The Core 100 program invites students and faculty from the College to join us for our weekly lecture series. Each week, all of the first-year students participate in lecture-discussions with about 400 of their classmates. We have space in the Center for the Arts (Building 1P) Williamson Theatre to accommodate individual guests (no permission needed) and can have as many as two additional classes at each of the lectures. Permission is not required for classes to attend, but please notify Donna Scimeca at 718.982.3405 if you plan to bring a class.
The lectures are 50 minutes and are all in the Williamson Theatre. They meet on the following days/times: Wednesdays at 12:20pm, and Thursdays at 8:00am, 10:10am, 4:40pm, and 6:30pm.
Please note that in the spring, the Saturday 10:10am lectures are held in the Center for the Arts Lecture Hall, but due to space limitations, we unfortunately cannot accommodate additional classes.
The Lecture Series schedule for the week of Monday, Mar. 30 is as follows:
Wednesday, Apr. 1:
-12:20pm: “Mendez v. Westminster School District,” presented by George Sanchez.
This lecture will address how the path to school desegregation, and the overturning of Plessy v. Ferguson, can be traced to a 1946 federal court case decided in the Ninth Court of Appeals, eight years before the pivotal Brown v. Board of Education decision. This case ruled that the exclusion of Mexican American children from California public schools were unconstitutional based on the 14th Amendment.
George Emilio Sanchez is a Professor and Chairperson of the Performing and Creative Arts Department at CSI. This is his sixth year of teaching Core 100.
Thursday, Apr. 2:
-8:00am: “Racial Segregation in the U.S. Military,” presented by Niles French.
Explore the history of segregation in the United States through examining the experiences of African American soldiers and the legal changes that our nation has faced in the military.
Niles French earned his MA degree in History from the College of Staten Island. He is an Adjunct Professor, teaching in both the Core and American Studies programs at CSI, and is also the head of Development at the Staten Island Historical Society at Historic Richmond Town.
-10:10am: “Rocking Civil Rights” presented by Richard Powers.
In “Civil Rights and Popular Music,” we will be exploring how popular culture and race have been intertwined throughout U.S. history, and how rock ‘n’ roll came to play a role in integrating this country during the civil rights era.
Richard Gid Powers has been teaching history at CSI since 1971 and was one of the people responsible for creating Core and having it be a required course at CSI. He has written books on J. Edgar Hoover, the FBI, U.S. Anticommunism, and the FBI in popular entertainment, and has just published a religious thriller, The Mystery of the Trinity.
-4:40pm: “The Life, Death, and Burial of Jim Crow,” presented by Donna Scimeca.
This lecture will discuss how Jim Crow came into existence, its impact on society, and how it ended.
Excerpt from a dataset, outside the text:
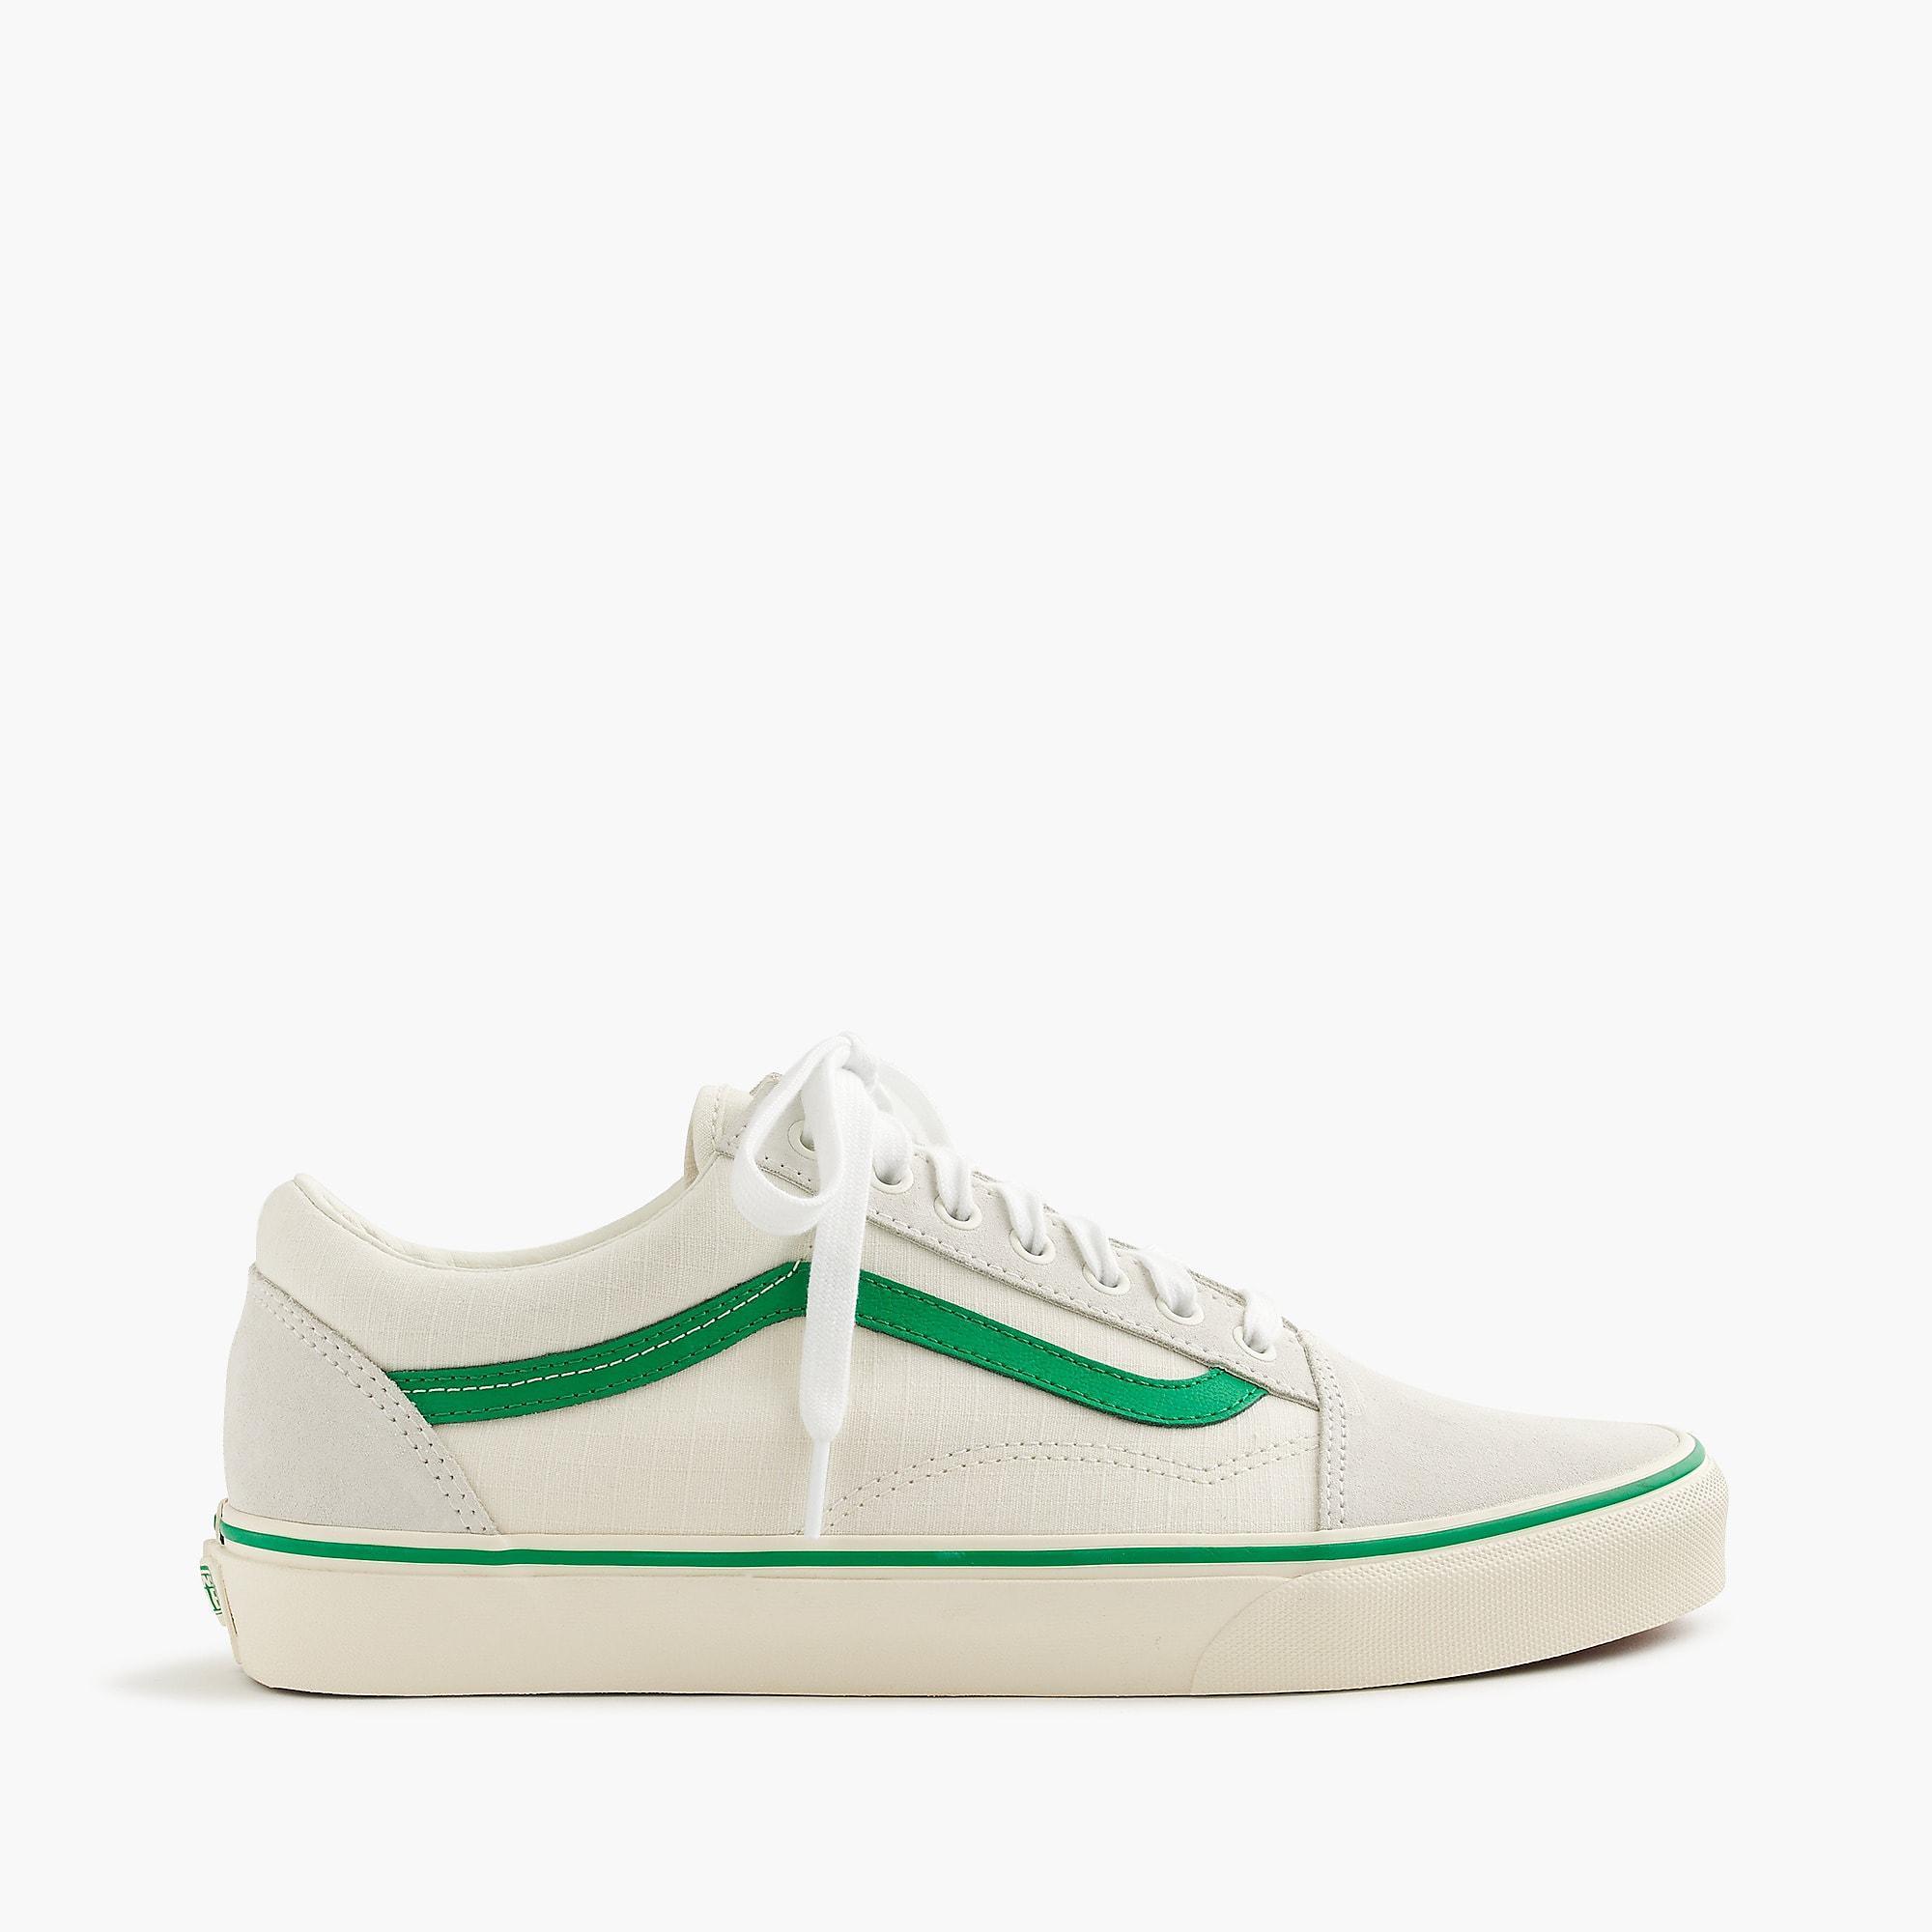 706ba0e659f5c7 Lyst - Vans Old Skool Sneakers In Ripstop Cotton in Green for Men

The lecture will highlight the role played by Charles Hamilton Houston as the man who killed Jim Crow, and will include a short clip from the documentary The Road to Brown.
Donna Scimeca earned her MA in History from the College of Staten Island and is the Core Program Coordinator and Lecturer.
-6:30pm: Special Event: The Core Program, in partnership with the Department of Sociology and Anthropology, will be presenting Every Mother’s Son, a documentary about police misconduct and the growing national movement for the need to reform policing. The film will be shown in the first hour (6:30pm to 7:20pm). Following the showing of the documentary, King Downing, and attorney and founder of the Human Rights – Racial Justice Center, and one of the mothers profiled in the film, Iris Baez, will join Professor John (Jay) Arena, to lead the audience in a discussion (7:30pm to 8:15pm). This is a CLUE-certified event.
John (Jay) Arena, Assistant Professor in the Department of Sociology and Anthropology, earned his PhD in Sociology, and MA in Latin American Studies, from Tulane University in New Orleans and joined the College of Staten Island’s Department of Sociology and Anthropology in fall 2008. Prior to and during graduate school, he participated in various community and labor-organizing efforts in New Orleans. As a public sociologist, he has built on and maintained this commitment to social change by linking his research, writing, and teaching to the service of changing oppressive social conditions.